I think you need to really consider what the relationship is like and talk to him again. It seems he doesn't feel as strongly as you and you should reconsider how you feel.

Don't feel like you can't get married ever, if it doesn't work with your current partner then it could work with someone else.

He's been reasonably clear about not wanting the same future as you and I think you need to listen to this and consider ending the relationship.

JK1773 · 21/08/2017 21:36

I really don't know what advice to give you. That is shitty. However you are blessed with 3 beautiful children. My shitty ex changed his mind and now I've got no kids. And it's too late for me now 😪. I hope someone is along with advice for you soon

elmo1980 · 21/08/2017 21:54

I was in a similar situation but had no kids at the time. He told me he wanted children but after we got married it became evident that's not what he wanted at all. I felt betrayed ans that he has taken the best years if my life away. The bitterness and anger towards him only grew and it was making me miserable so I left. I felt it would be better to be alone and live life on my terms than with someone who made me feel so crap.
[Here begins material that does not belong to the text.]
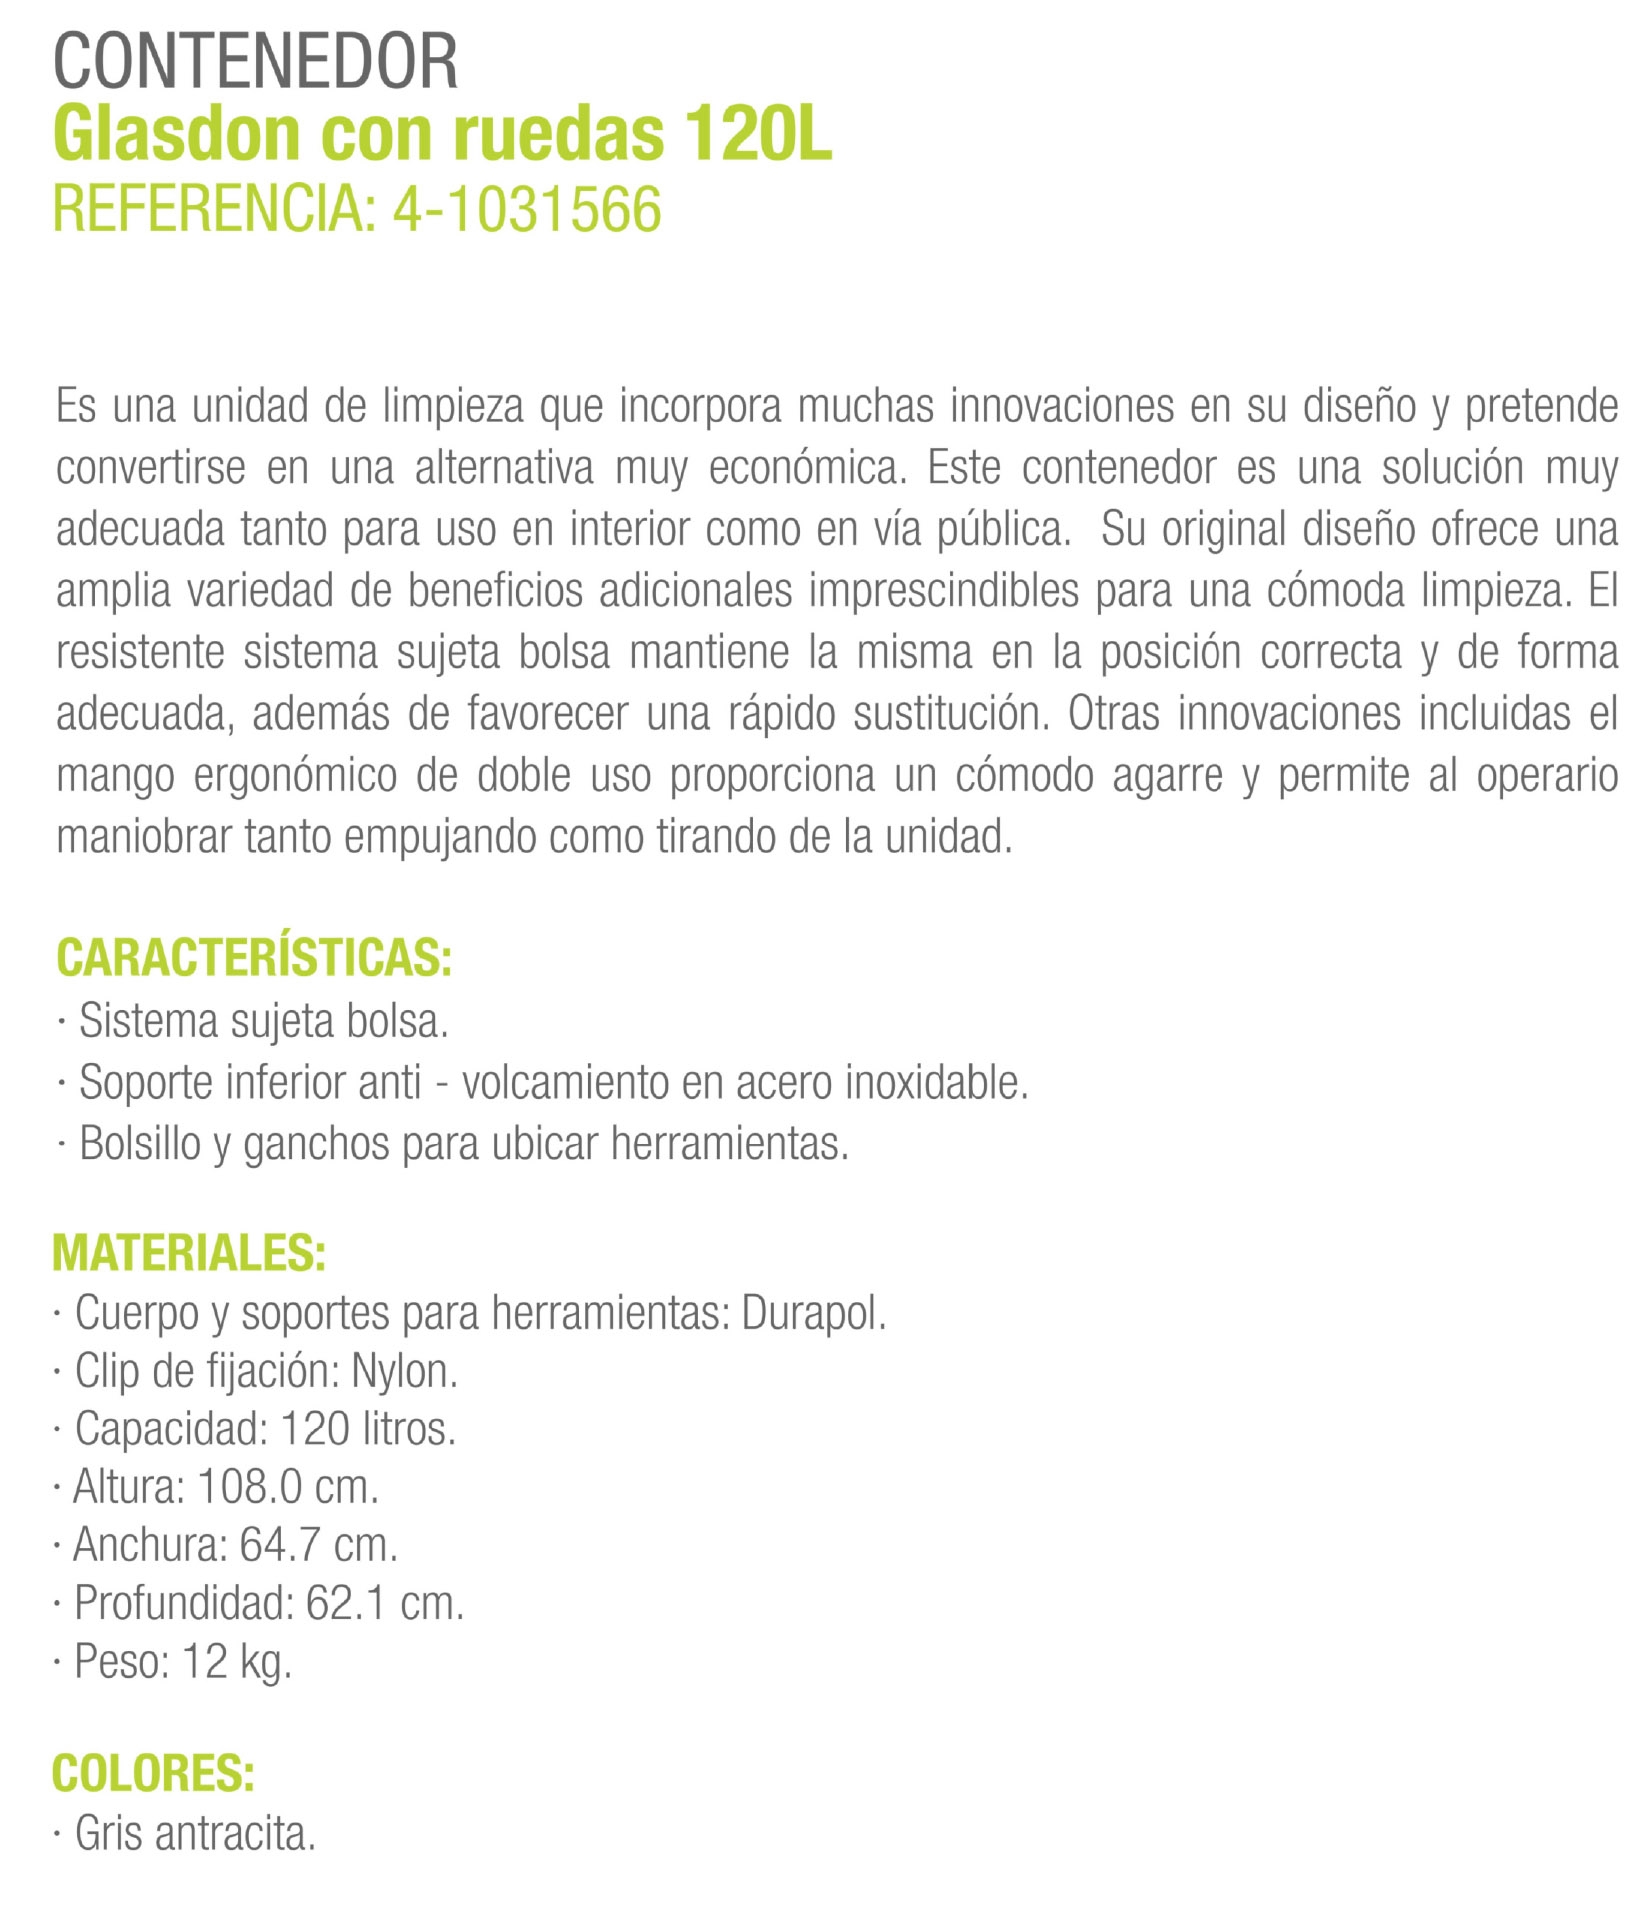 CARCATERISTICAS CARRO CONTENEDOR 200 LTS

As it happened I met someone new who did have the same dreams as me and I'm so glad I did it.

Only you know whether you can be satisfied with what you have but I do believe that once the resentment has set in it's very difficult to overcome.
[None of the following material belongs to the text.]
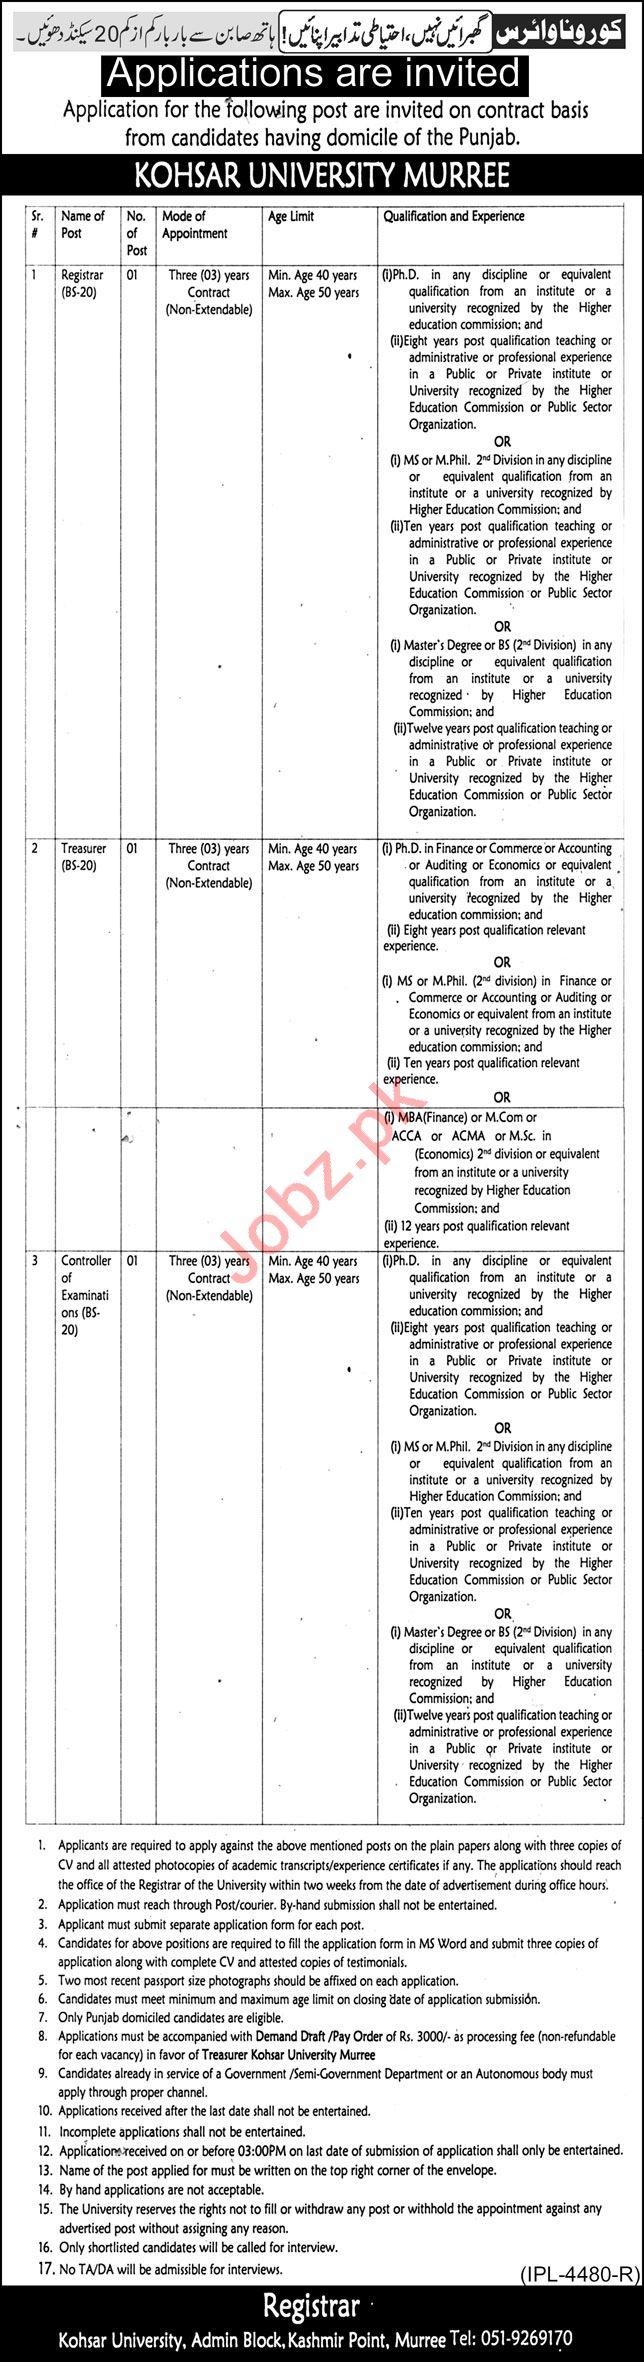 Kohsar University Murree KUM Jobs 2021 Registrar & Treasurer

SpongeBobJudgeyPants · 21/08/2017 22:37

I think you would probably benefit in talking this over with a proffessional, helping it to be clearer for you, and what, if anything you need to do to accept it or change it. One thing that stands out for me, apart from changing his mind about marriage, he also apparently changed his mind about wanting children. He wanted them, then you accidentally got pregnant, and he didn't want them, and only came round to the idea in the last month of pregnancy. That sounds very difficult for you, and not supportive on his part. And now he has changed his mind again about child number 2. So this is not just 'about you' that he has changed his mind. So please don't feel 'cheap', he seems unable to 'commit' to things as well as to you.
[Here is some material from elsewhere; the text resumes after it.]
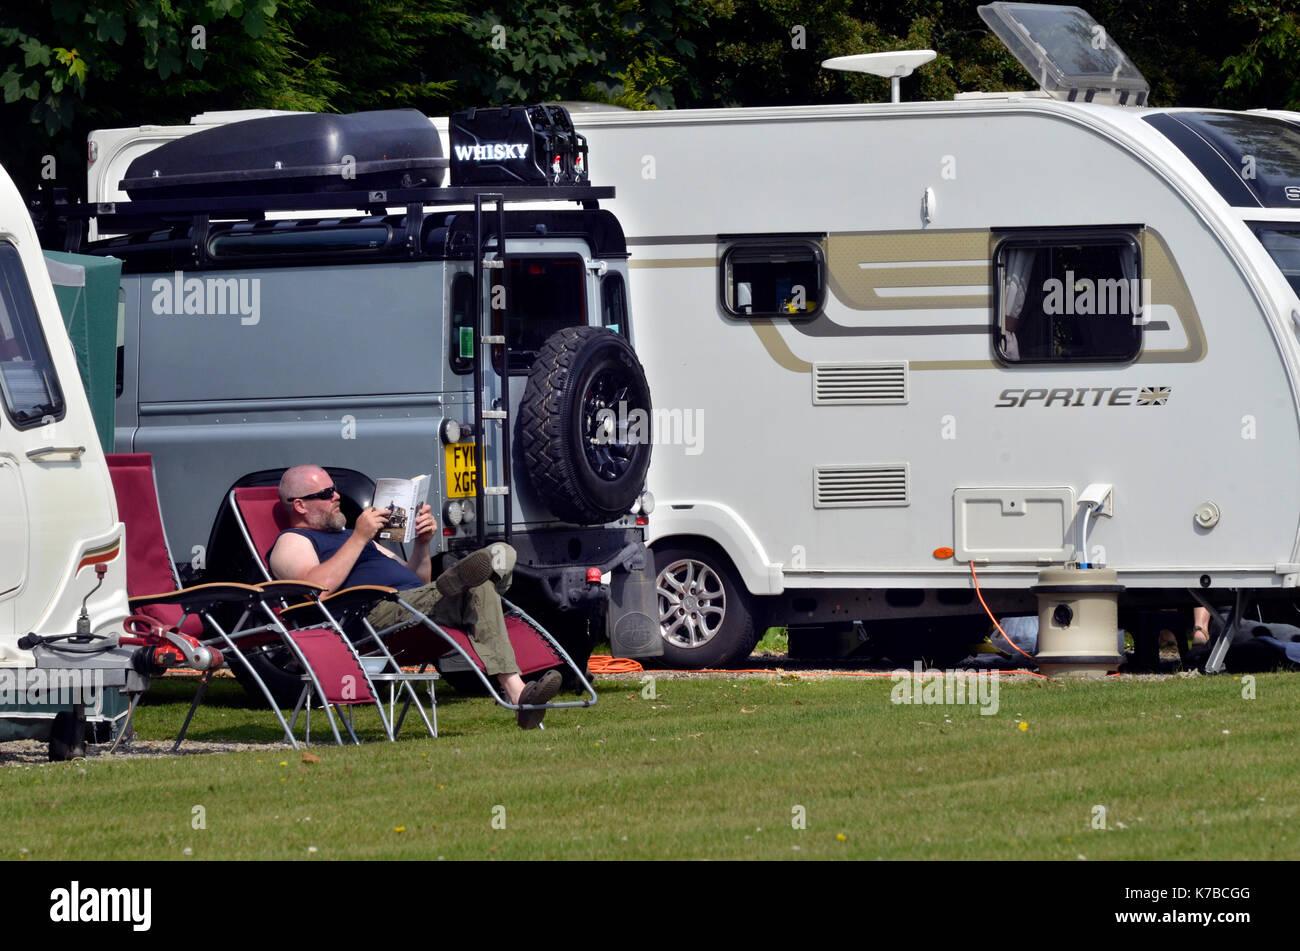 man on holiday  reading outside caravan - Stock Image

junebirthdaygirl · 21/08/2017 23:16

Sounds as if you just had a baby and now you are thinking of the next one. Could you decide , as regards dc to be happy and contented and enjoy the ones you have. You are throwing away their best years looking forward instead of living in the moment.
The getting married part is different. I can fully understand you wanting to be married.
I feel your dp may feel under pressure and the nature of your aspergers causes you to press in. Could you decide to leave it say for 6 months not speak about it and see if that causes him to move more towards marriage when he feels it comes from him.

Angelf1sh · 22/08/2017 07:00

If my bf told me they weren't sure about me after 3 yrs, that would be enough for me to end it. If you resent him now, that's not going to improve in the future.